Implications of Gainful Employment Proposal

Here's my latest post on the CCAP blog:

The career college sector is engaged in a fierce battle with the Department of Education (ED) over its proposed definition of gainful employment, which would create a debt payment-to-earnings ratio that would effectively cap student debt payments at 8% of expected earnings for career college students. It would do so be using the median debt payment of a program's previous 3 years of graduates in the numerator, and national BLS wage data for the 25th percentile income of the occupation for which the program prepared students to enter in the denominator. Programs with ratios exceeding 8% would be given the boot from the Title IV funding programs. This proposal has been met with extreme opposition from the industry, has been denounced by a Congressman, and was described as severely flawed by financial aid expert Mark Kantrowitz.

While I generally agree that the proposal would be extremely harmful and am fundamentally opposed to this type of implicit government price control, I decided to do some analysis to determine what the actual effects would be on 10 occupations for which the career colleges train students (all of which are on the BLS's list of 30 occupations with the biggest projected growth in employment for the next decade) to enter if the policy was retro-acted a few years. I first looked at the 25th percentile income for these occupation for both 2003 and 2008. I then calculated the max student debt for these occupations, given the ED's proposed definition, assuming a 6.8% fixed interest rate (the current direct lending rate). Then, I adjusted all figures into constant 2008 dollars to account for inflation. The results are in the below chart.


What I find is that, if the 8% ratio was retro-acted, students pursuing 7 of the 10 growing occupations above would not have been able to borrow as much to pay for their training in 2008 as they were able to borrow in 2003, in real inflation-adjusted terms. Students pursuing training in the other 3 occupations would not have much more ability to borrow in 2008 than they did 5 years prior. If any college's graduates were to finish with less real (inflation-adjusted) debt today than they did 5 years ago, then that college deserves a carrot for excellency in cost containment, not a brutal beating with a stick.

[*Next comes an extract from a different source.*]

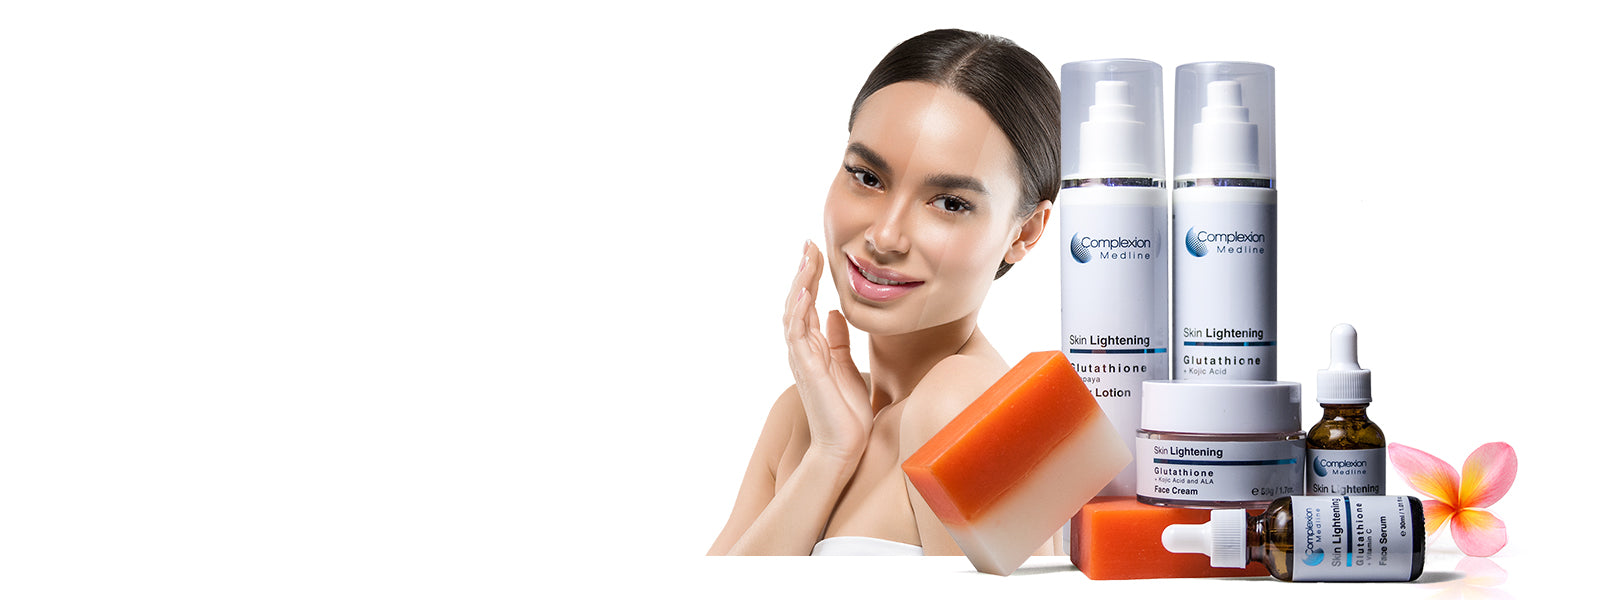 complexion medline skin lightening products and model, including glutathione body lotion, glutathione, kojic acid and ALA face cream, glutathion and vitamin c face serum, skin lightening soap for delicate skin

Since most students borrow money to pay for the education, limiting the amount that they can borrow also limits the professions that they are able to enter, especially for the lowest income students. It may even shut off routes for people to enter a given profession, as many colleges will be unable to offer training programs at a price that allows them to be in compliance with not only gainful employment, but also the 90/10 and cohort default rate rules, and will ultimately stop offering such programs. While this will likely appease some critics of the industry, the end result will be a reduction of educational options and access for low income and minority students, and a shortage of qualified employees to fill the demands of the labor force. Both results are negatives for the economy.